土地などの固定資産を交換した場合の所得税の特例

個人が資産の交換を行った場合、交換により譲渡する資産の含み益については、譲渡所得の金額として所得税などの譲渡税が課税されます。ただし、土地や建物などの固定資産を同じ種類の固定資産と交換した場合には、譲渡がなかったものとする税制上の特例が設けられています。これを「固定資産の交換の特例」といいます。
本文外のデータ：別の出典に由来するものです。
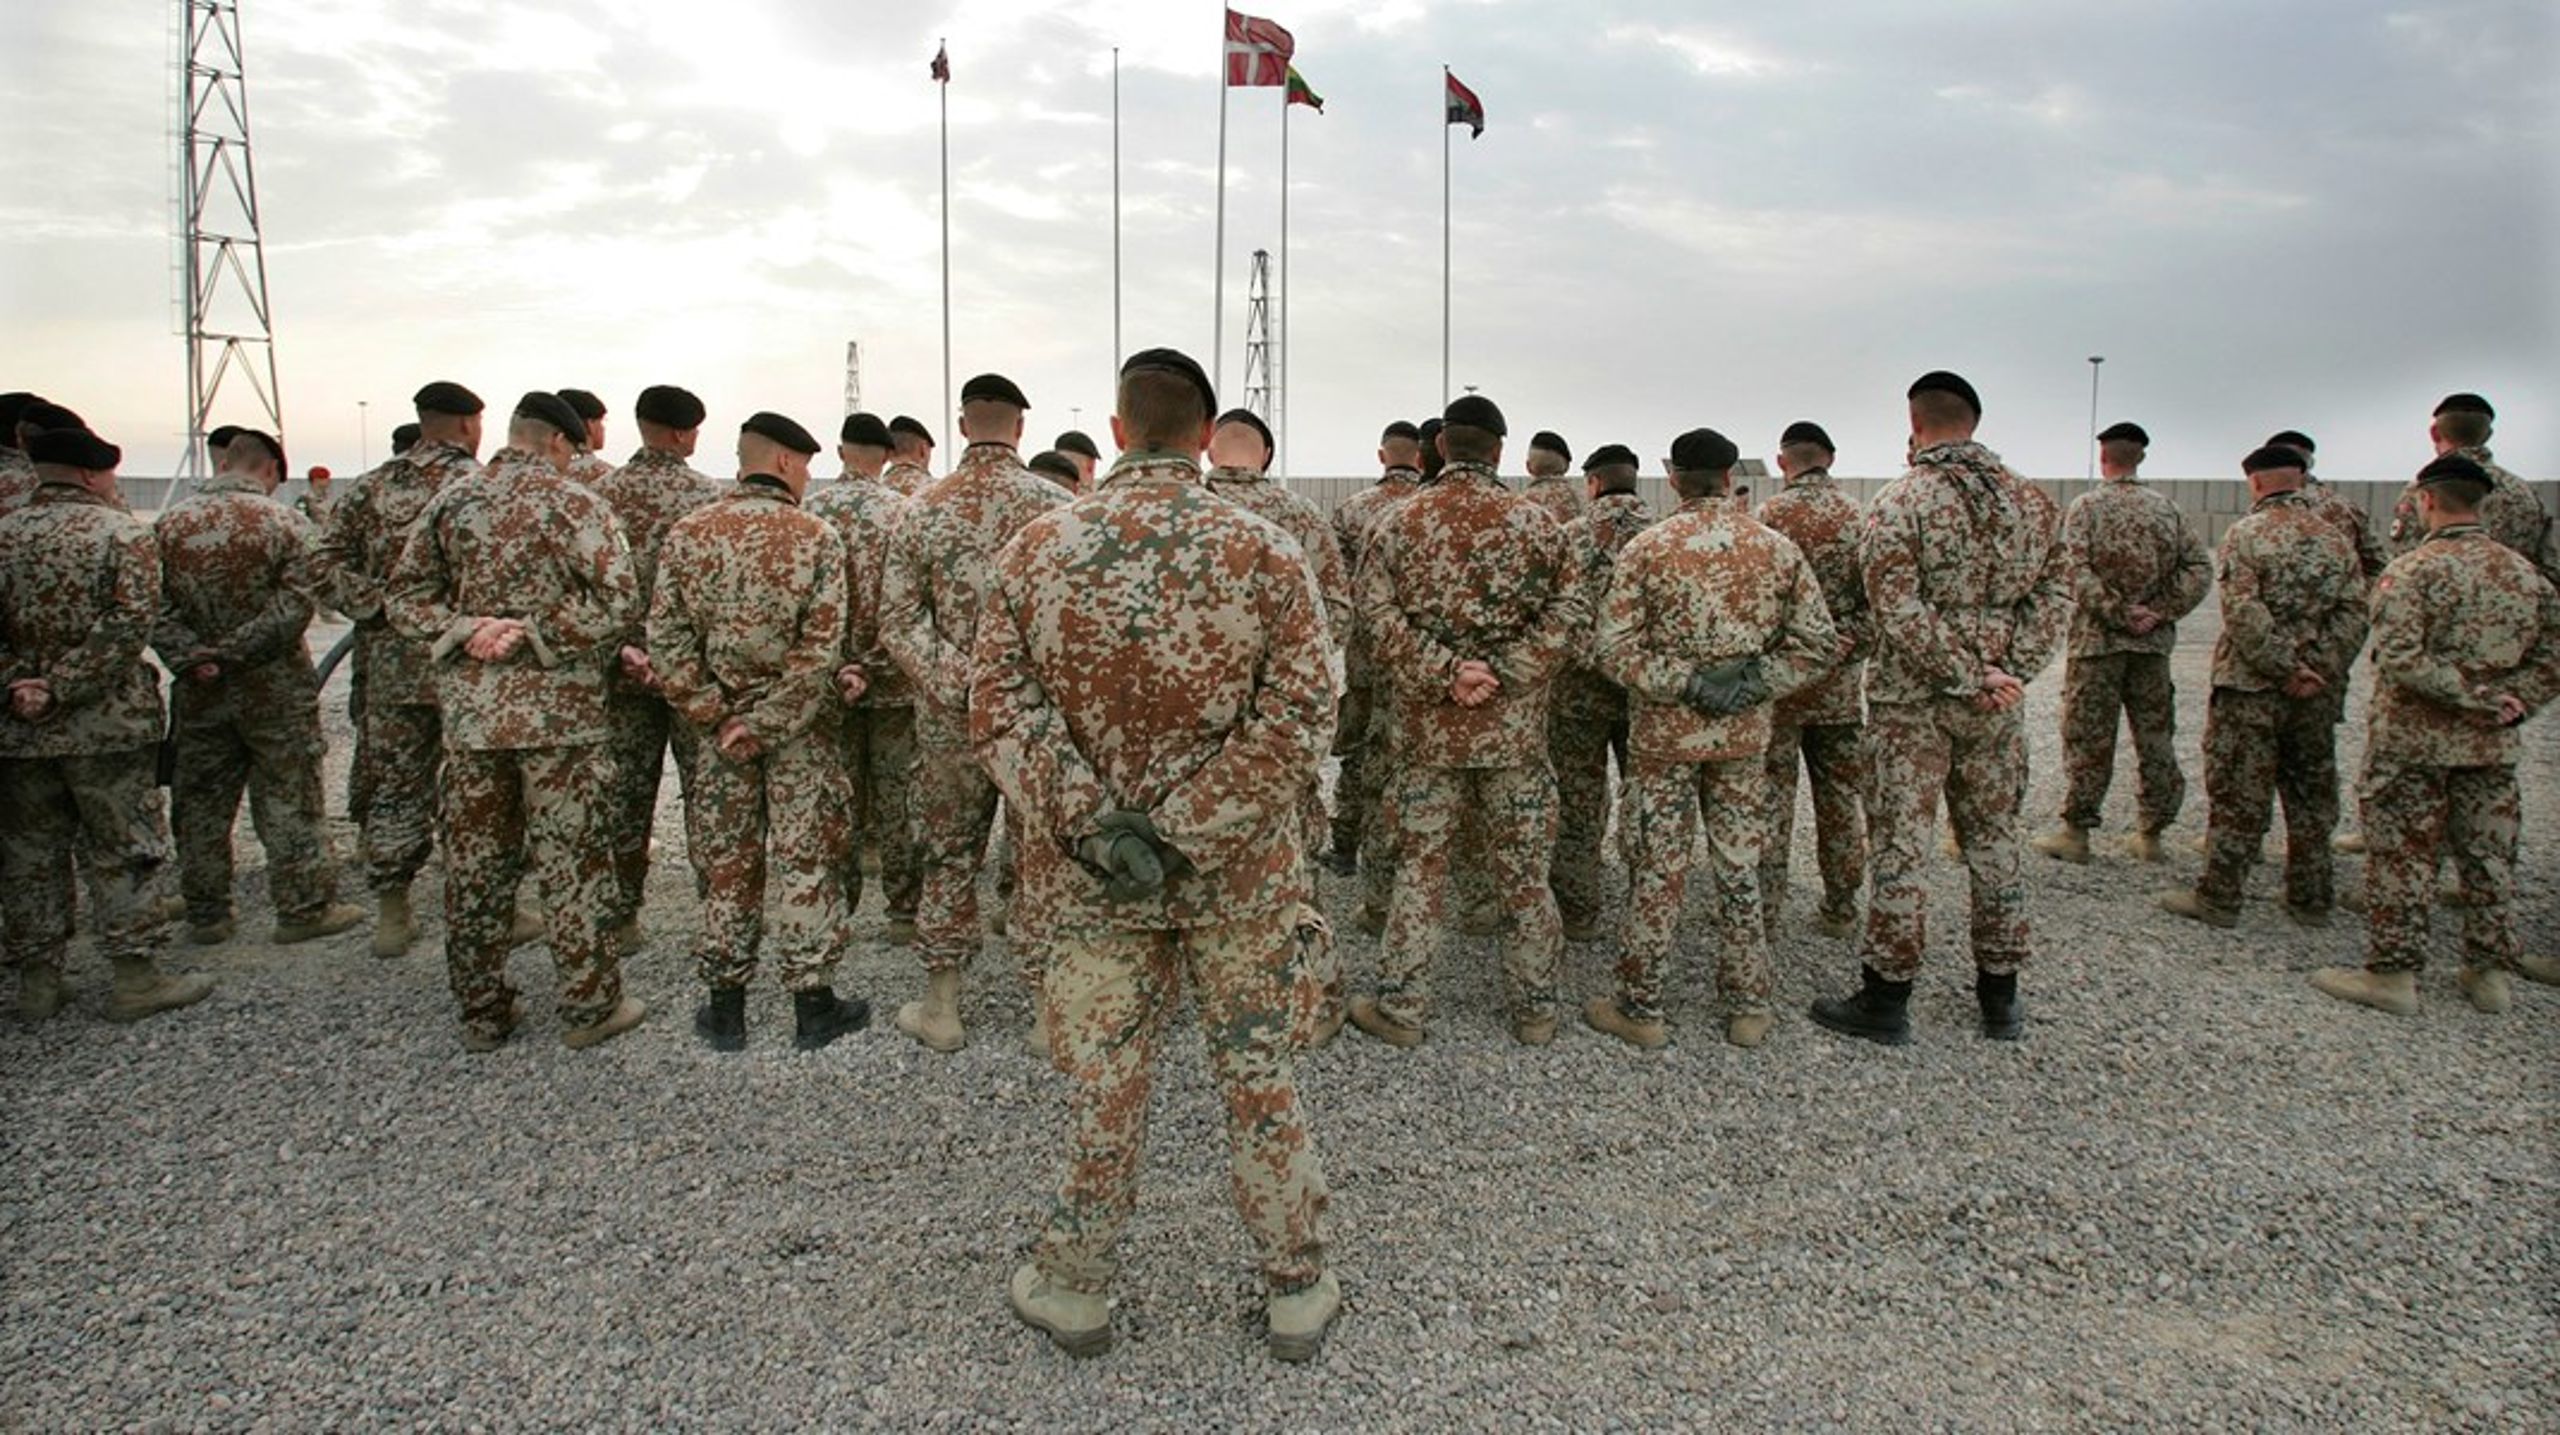 Ti procent af de danske udsendte soldater udvikler PTSD efter hjemkomsten, skriver Dorte<b>&nbsp;</b>Nørregaard.

固定資産の交換の特例の適用を受けるためには、次の要件を満たす必要があります。

交換により譲渡する資産および取得する資産は、いずれも固定資産であること。

このため、不動産業者が棚卸資産として販売のために所有している土地や建物については、固定資産の交換の特例の対象になりません。

交換により譲渡する資産および取得する資産は、いずれも土地と土地、建物と建物のように互いに同じ種類の資産であること。

この場合において、借地権は土地の種類に含まれるので、地主が建物の敷地として貸している土地の一部とその土地の借地人が有する借地権の一部との交換も、土地と土地との交換に該当します。

交換により譲渡する資産は、1年以上所有していたものであること。

交換により取得する資産は、交換の相手が1年以上所有していたものであり、かつ交換のために取得したものでないこと。

交換により取得する資産を、譲渡する資産の交換直前の用途と同じ用途に使用すること。

交換する固定資産が土地や建物の場合、用途は次のように区分されます。

①土地については、宅地、田畑、鉱泉地、池沼、山林、牧場または原野等に区分されます。

②建物については、居住用、店舗または事務所用、工場用、倉庫用、その他用に区分されます。

交換により譲渡する資産の時価と取得する資産の時価との差額(交換差金)が、これらの時価のうちいずれか高い方の価額の20%以内であること。

この場合において、交換の相手方から交換差金を受け取ったときは、その交換差金に対しては所得税が課税されます。

確定申告をすること

固定資産の交換の特例の適用を受けるためには、所得税の確定申告書に所定の事項を記載し、譲渡所得の内訳書を添付することが必要です。

なお、不動産を交換した場合には、交換により取得した不動産につき不動産取得税が課税されるほか、交換した不動産について所有権移転登記をした場合には、登録免許税が課税されます。

本コンテンツの内容について

このコンテンツは平成28年4月1日現在の法令に基づいて作成されています。